Today, we’re taking a look at one of the mid-range Micro Four Thirds cameras, the Olympus OM-D E-M1. Judging by its specs, it looks like a really capable camera and also one that tries to punch above its weight in some of its aspects. We all know that Olympus is one of the biggest manufacturers of mirrorless cameras up to this date and they are sorely focused on Micro Four Third systems for their higher quality cameras and that inspires confidence when it comes to the E-M1. Let’s see what Olympus had in mind with this camera and is it still able to compete on the overcrowded camera market even more than 3 years after its release.
Right from the start, we can see that a lot of effort has been invested into the making of EM1’s camera body. The first thing that immediately impressed us was the build quality; a body built with magnesium alloy and weighing almost 500g feels anything but cheap. The handling is also great with a nicely shaped grip and a faux leather textured material surrounding most of the camera. There’s also a plenty of controls available and each of them is located in a convenient position and quite easy to use. We understand that some people will wish for the EM1 to be a little smaller and lighter, but we believe that most of you will appreciate the additional heft and more reassuring feel in the hand. Also, the added dust, splash and freeze production is another thing that shouldn’t be overlooked by the potential buyers.
Now, it’s time to take a detailed look at the camera, so let’s start with the front. We immediately see the professional touches made to this camera with the two buttons located just by the lens mount. Both of these are customizable and by the default, one of them is set to adjust white balance while the other one serves as a depth of field preview. You’ll also find the focus assist light as well as the flash sync socket on the front of the camera. Like with most cameras, there are no controls on the sides, but only the compartments for the battery, SD card and all the available ports. The top of the camera reveals more interesting details. Starting from the left, you’ll notice a power switch as well as two raised buttons on top of it. These are the AF/Metering and Timer/HDR buttons. The AF buttons give you a list of available focus or metering modes, while the other button activates the timer, controls the drive or activates HDR shooting. Moving further to the right reveals the main mode dial, the back control dial, Fn2 and direct video record buttons as well as the shutter button that also has a control dial around it. Lastly, let’s see what the back of the camera holds. Here we find the live view button as well as the AEL/AFL button that has a two-mode lever on it. These are located above the screen and the rest of the buttons are located on the right. Right above the thumb rest, we find the customizable Fn1 button, then there are Info, Menu, Playback and Delete buttons as well as the four-way main navigation controller with an OK button inside of it. We have to admit, we are really impressed with the control scheme on the EM1, it’s obvious that Olympus were really dedicated to giving this camera as much control as possible without it feeling hard or awkward to use. And on top of that, they also decided to include a touchscreen, for those that find it easier to control their camera this way.
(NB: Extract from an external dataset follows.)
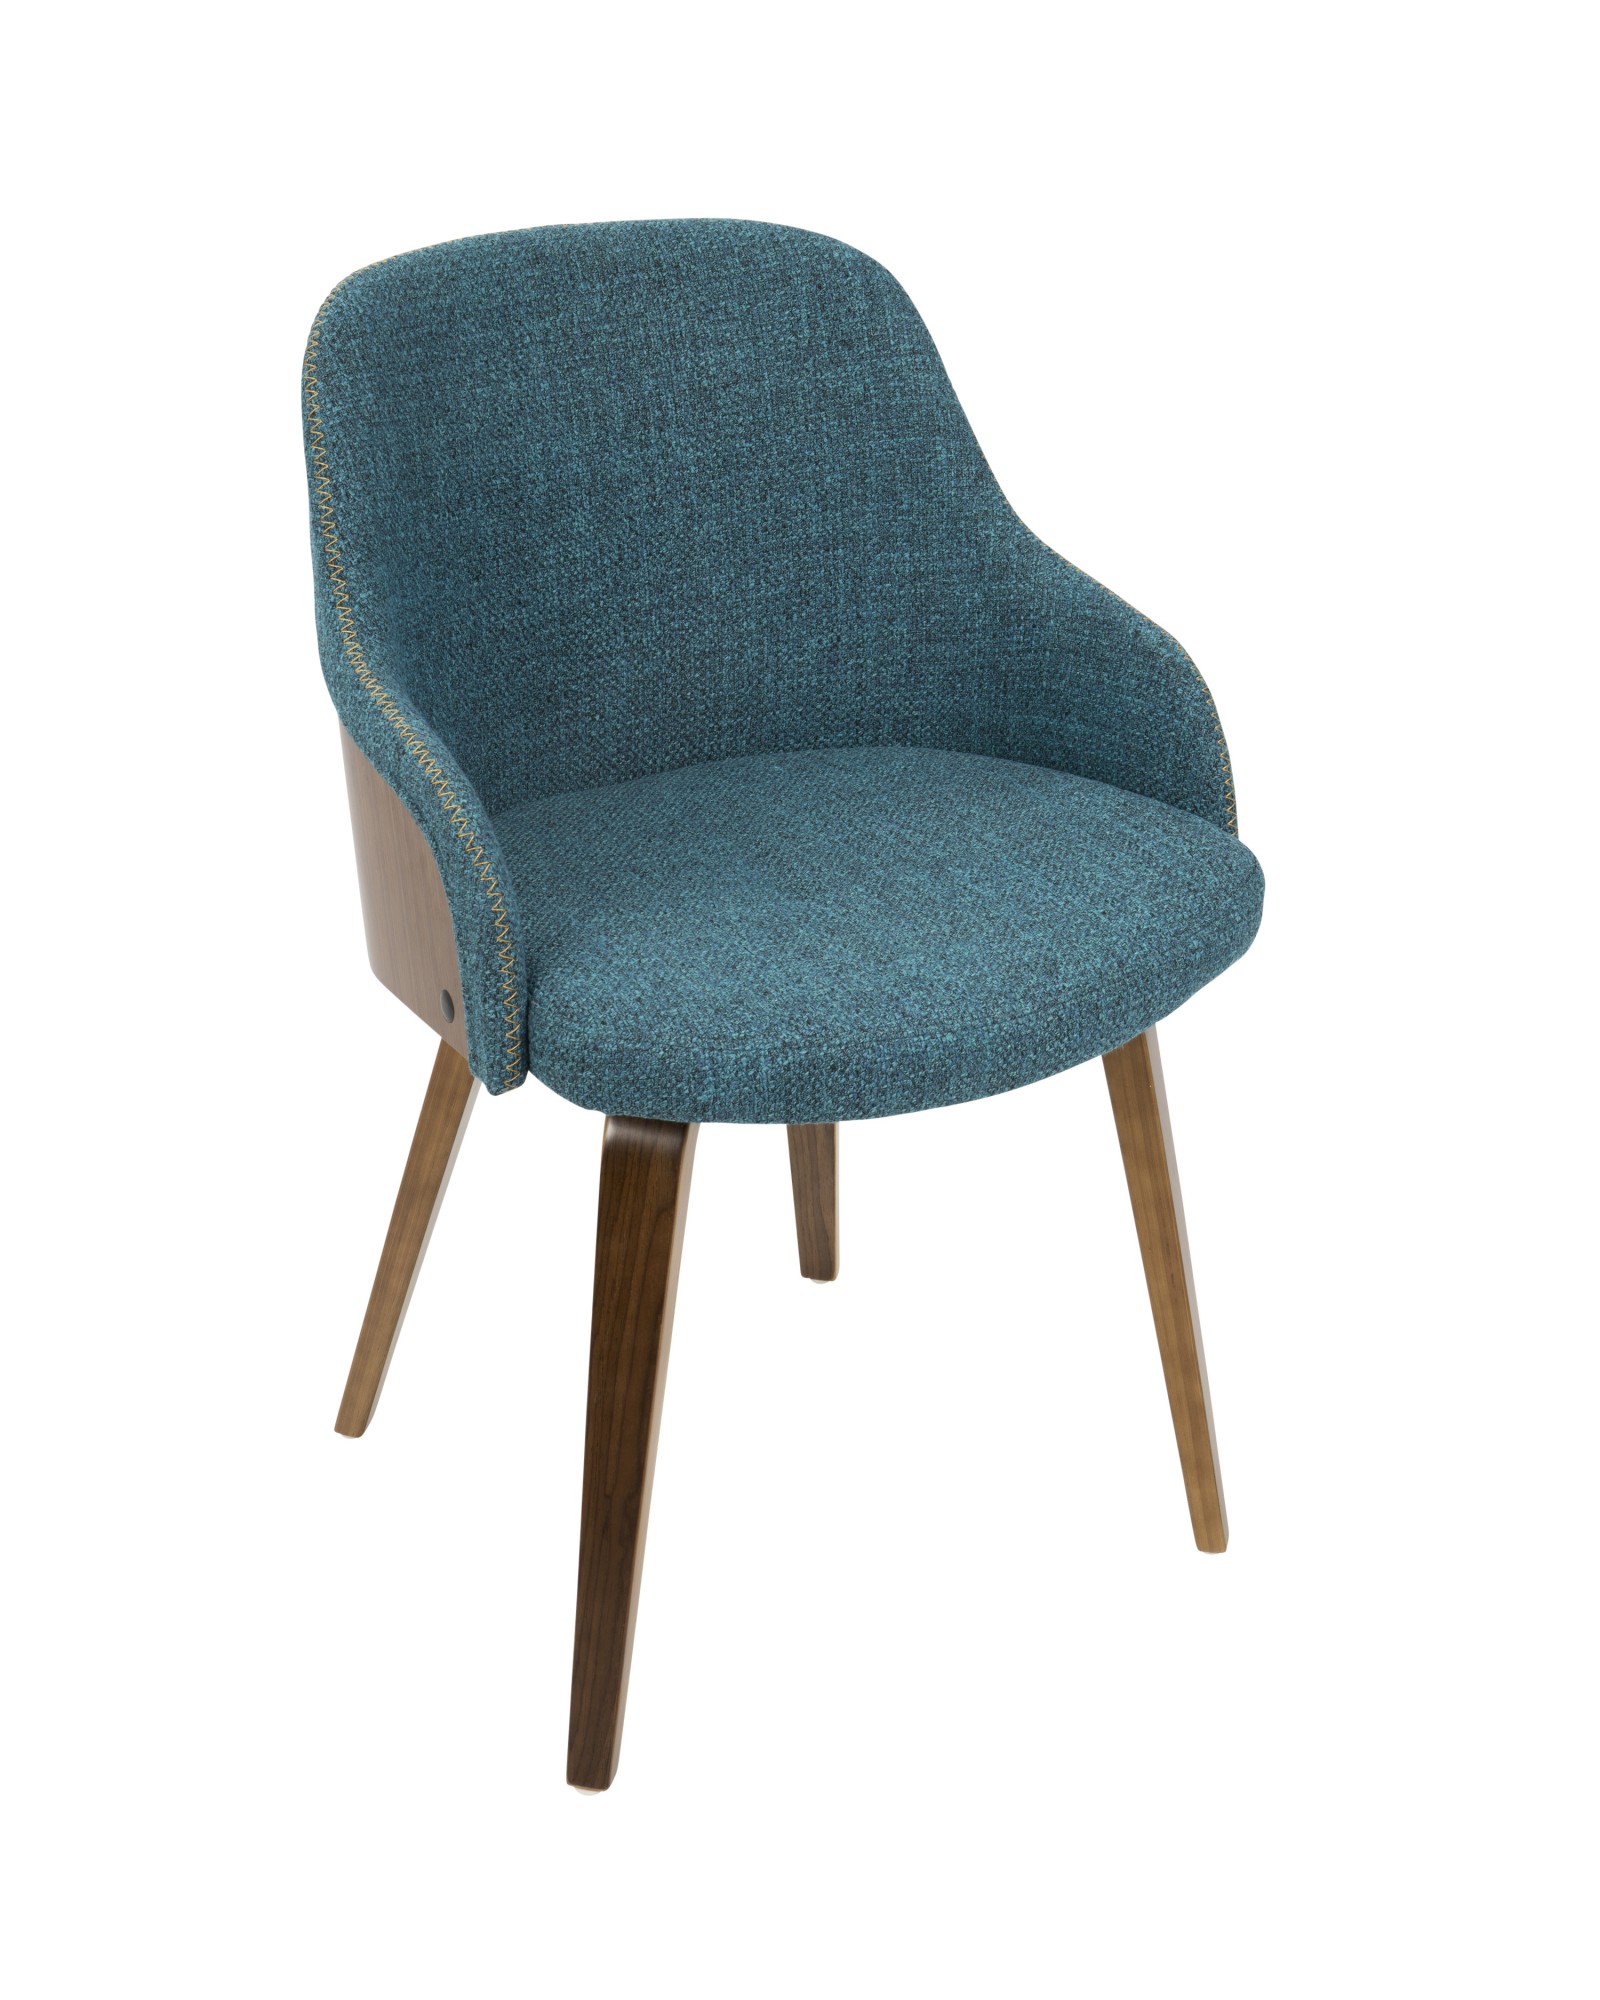 Bacci Mid-Century Modern Dining/ Accent Chair in Walnut Wood and Teal Fabric
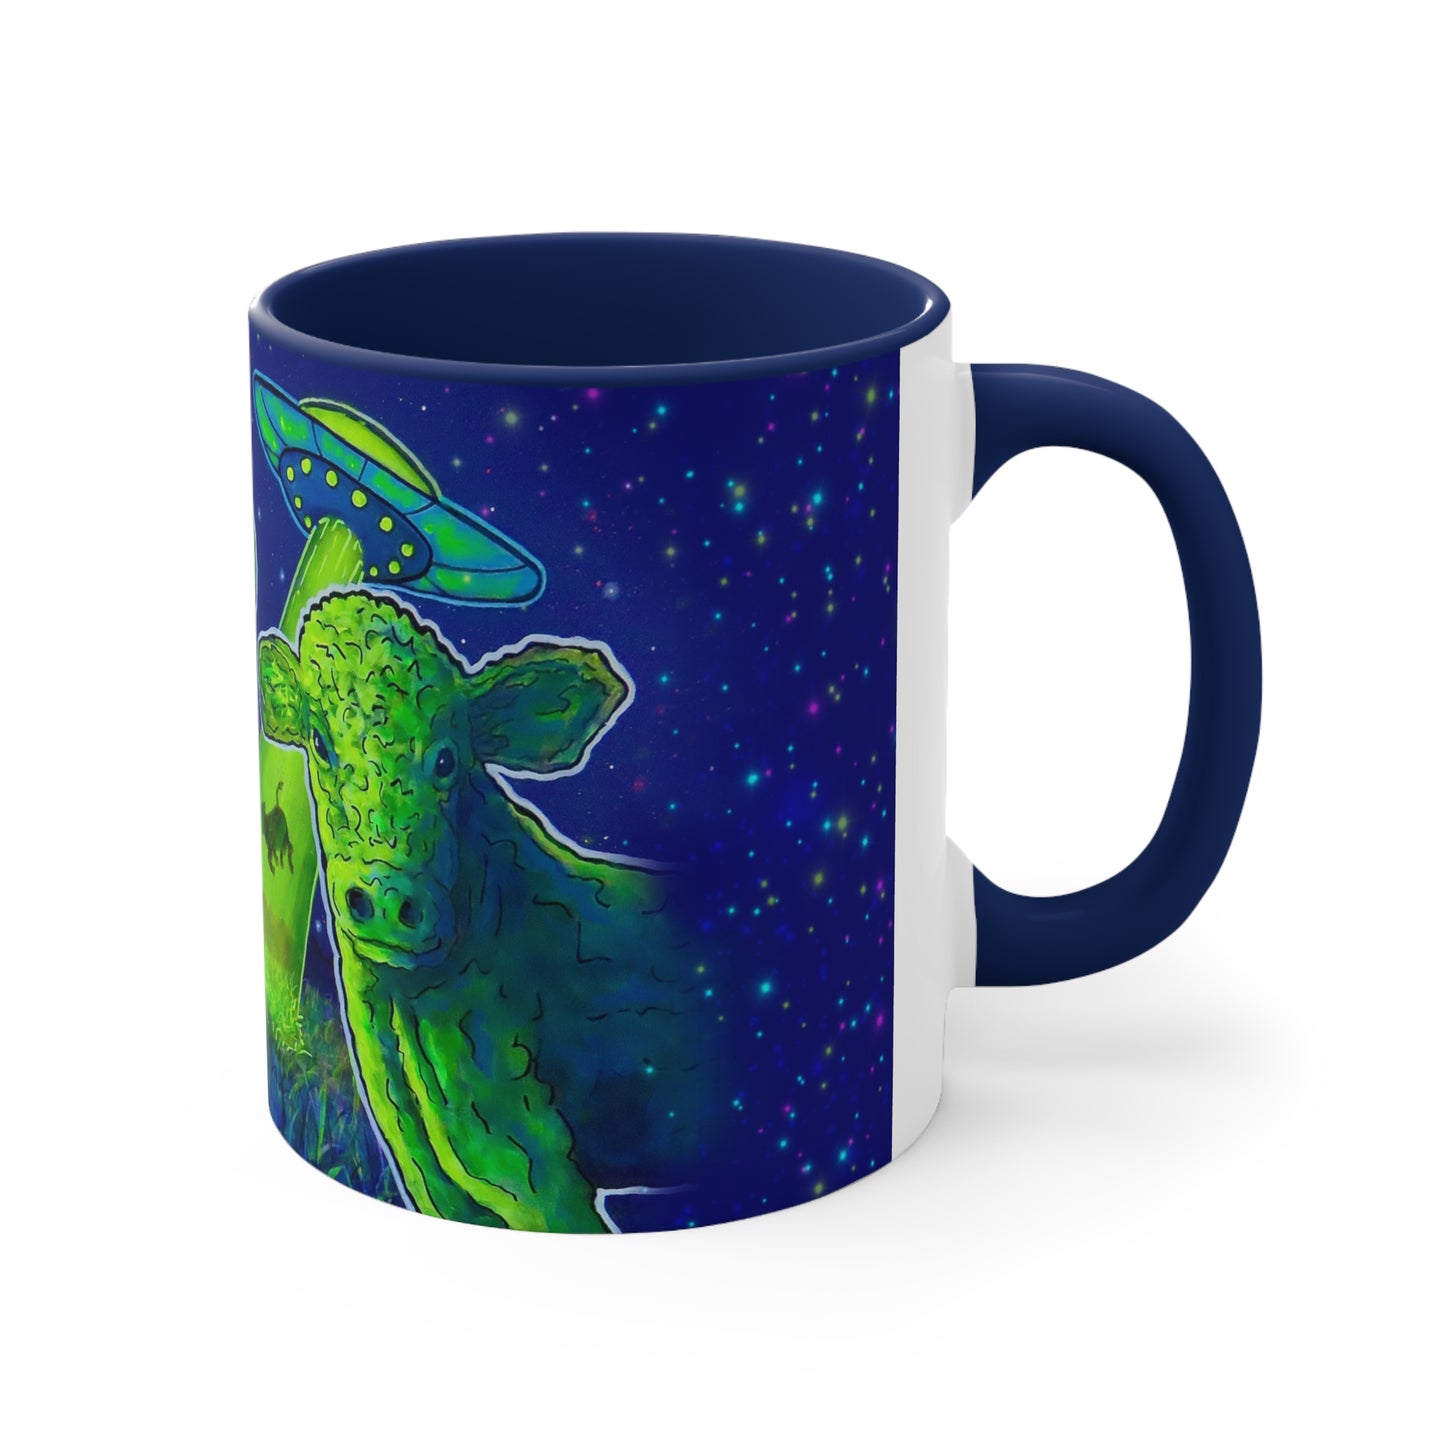 Cows In Outer Space - Coffee Mug -  C.V. Designs Abducted Series

There’s nothing better than having more options and Olympus really made sure that both the advanced and casual users will enjoy working with the EM1.
What’s even more impressive is the number of ways you can customize it, so let’s get over a few of those. First, there’s the 2×2 Dial system. By pressing a switch on the back of the camera you can change the default behavior of certain controls. For example, the front control and the back control dials are set to control the exposure compensation and shutter speed/aperture, but after you activate the additional control mode their behavior is changed to ISO control and white balance. You can of program those buttons and dials to access any function you choose, so it’s a really great way of giving you more control without having to open additional menus. You can also customize the behavior of Fn1, Fn2, AEL/AFL, direct record, upper front and lower front buttons as well. These can hold features like AF area select, manual focus, peaking, ISO, white balance and so on. You can also customize the four-way navigation controller to access things like Drive Mode, Flash mode, Exposure compensation, ISO, white balance and more functions. One unique feature for Olympus cameras, as well as this one, is the ability to even customize the main mode dial. You can set each of the positions on the dial to do different things and save your customizations in one of the four available slots. This means that if you usually only use the manual mode, you can make use of other modes to act as one of your own makeshift mode, for example, one being set especially for use in low light and other for capturing motion. To conclude this section dedicated to different methods of customization, we should mention the Multi-function button. It allows you to cycle between four available functions, one of them being Highlight and Shadow control or the Color creator feature. So, the EM1 sports an exhilarating number of different ways to customize it, something that is rare to find even among most advanced DLSRs, so kudos to Olympus for their effort in putting all of those on this camera.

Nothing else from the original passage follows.